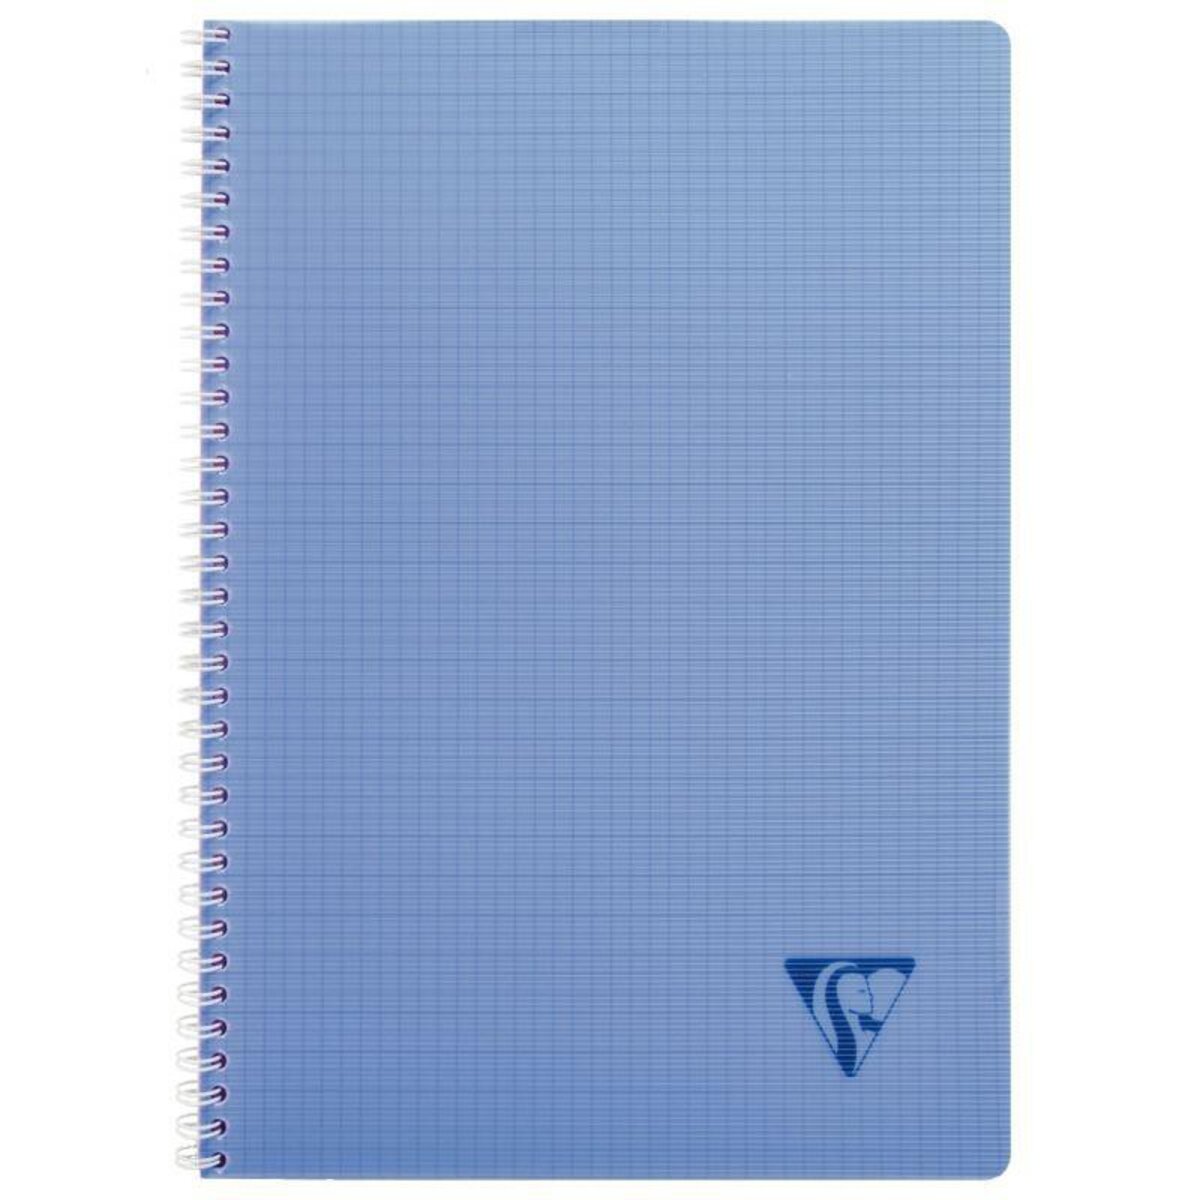 Cahier spirales Clairefontaine Linicolor - A4 21 x 29,7 cm
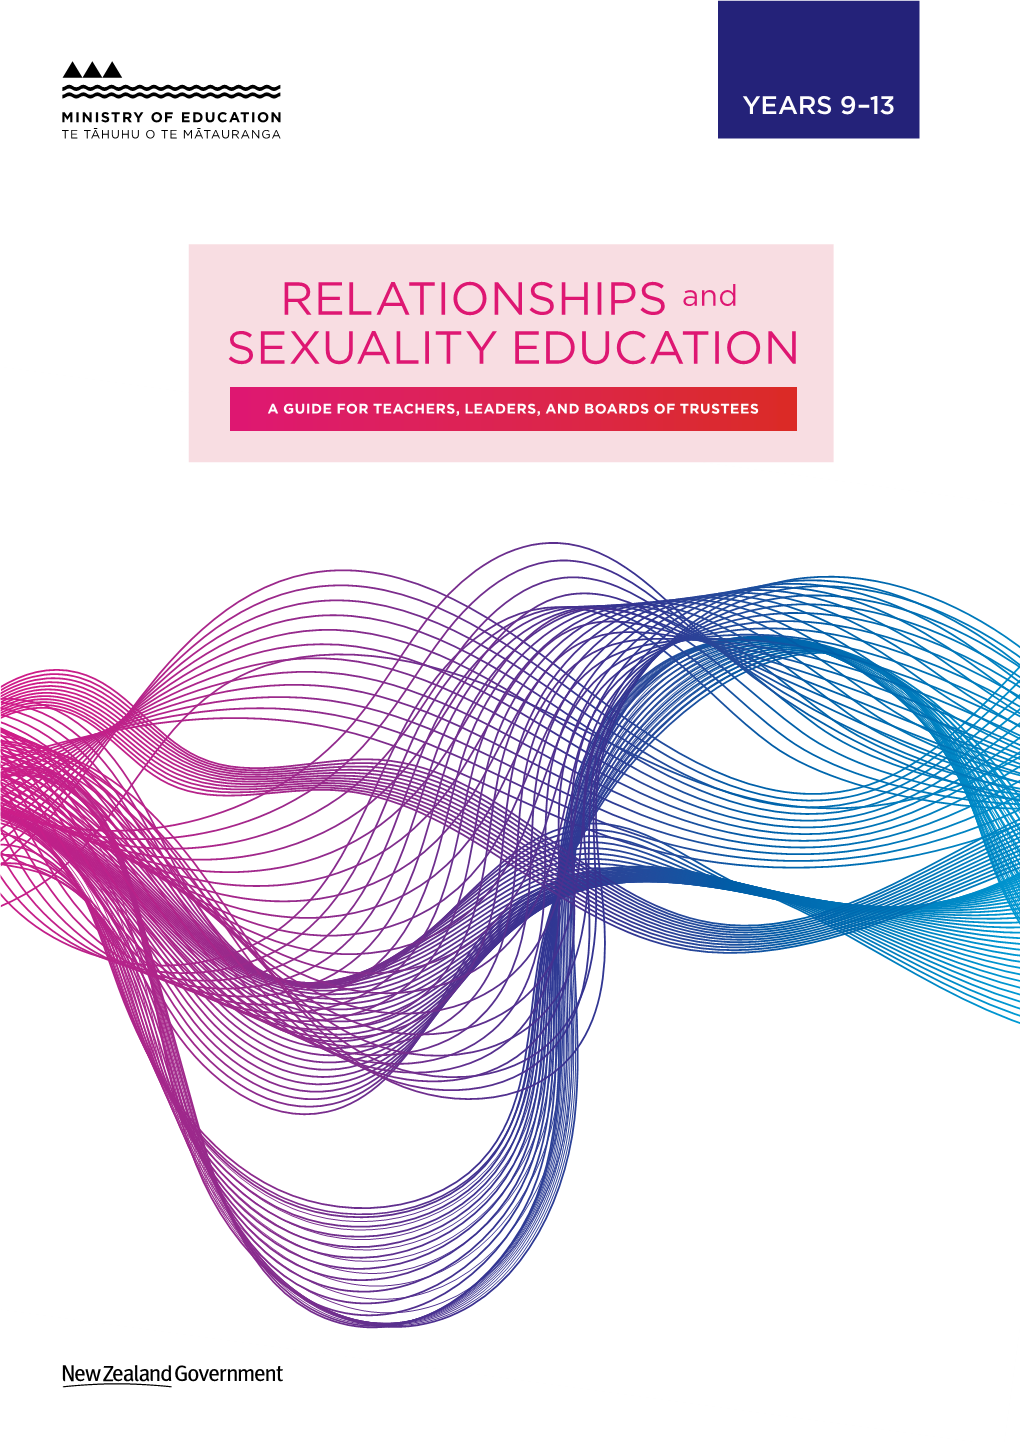 RELATIONSHIPS and SEXUALITY EDUCATION YEARS 9—13 Published 2020 by the Ministry of Education PO Box 1666, Wellington 6140, New Zealand
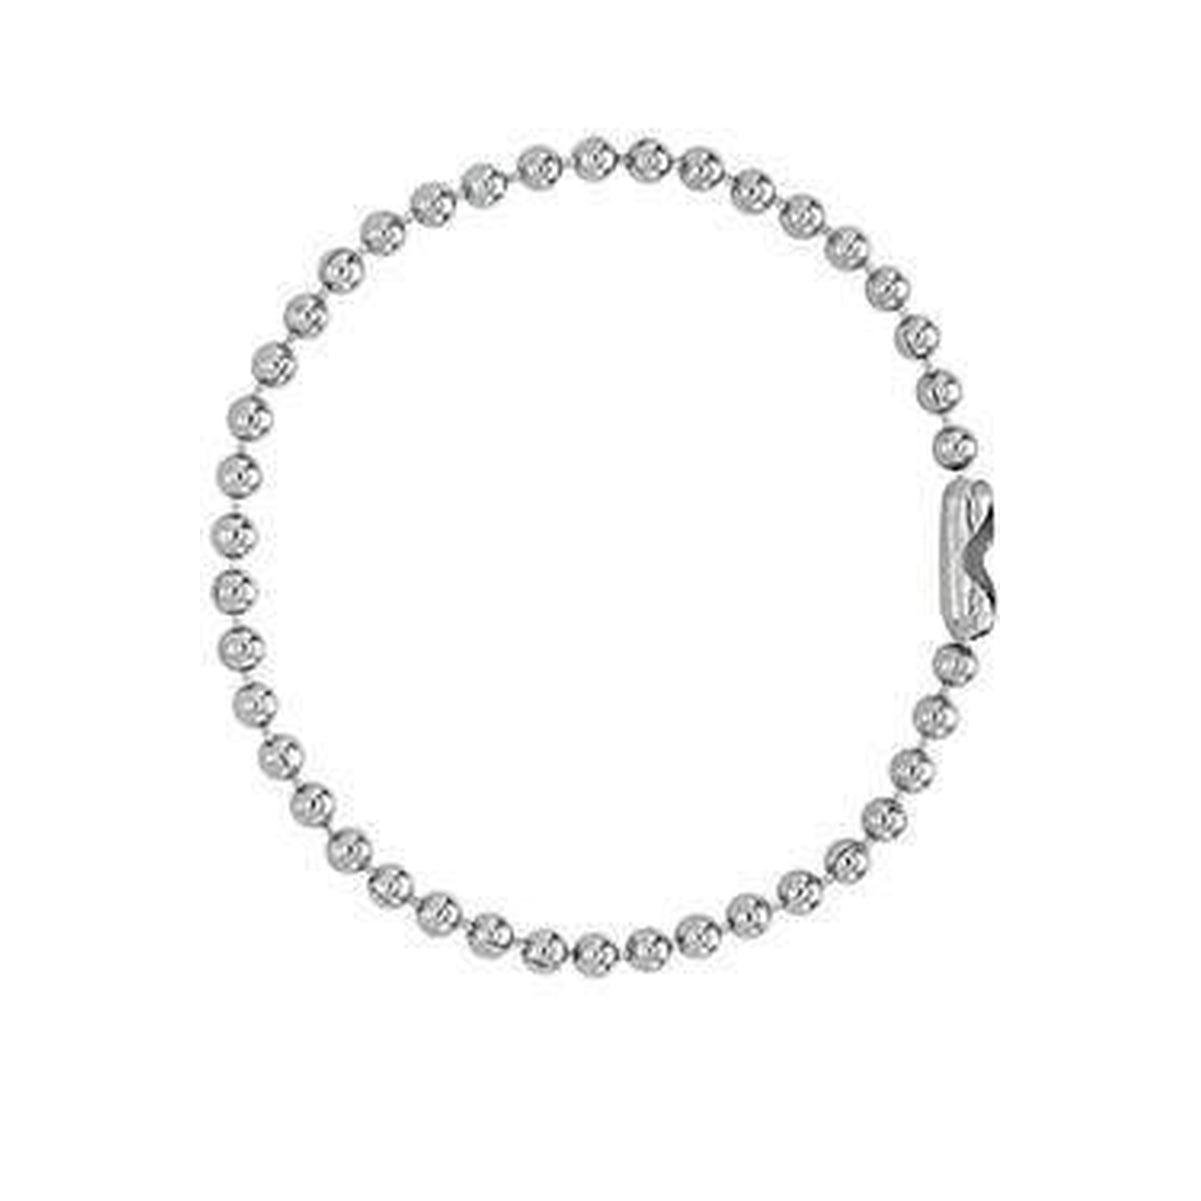 Nickel-Plated Steel Ball Chain, 5", No. 4 Bead Size 2450-1080 2450-1080

Exercise aim: Any picture in the listing is to be omitted. Return exactly the lines from the one containing "RELATIONSHIPS and SEXUALITY" through its last line, both included, and only those.

Answer:
 RELATIONSHIPS and SEXUALITY EDUCATION YEARS 9—13 Published 2020 by the Ministry of Education PO Box 1666, Wellington 6140, New Zealand
 Nickel-Plated Steel Ball Chain, 5", No. 4 Bead Size 2450-1080 2450-1080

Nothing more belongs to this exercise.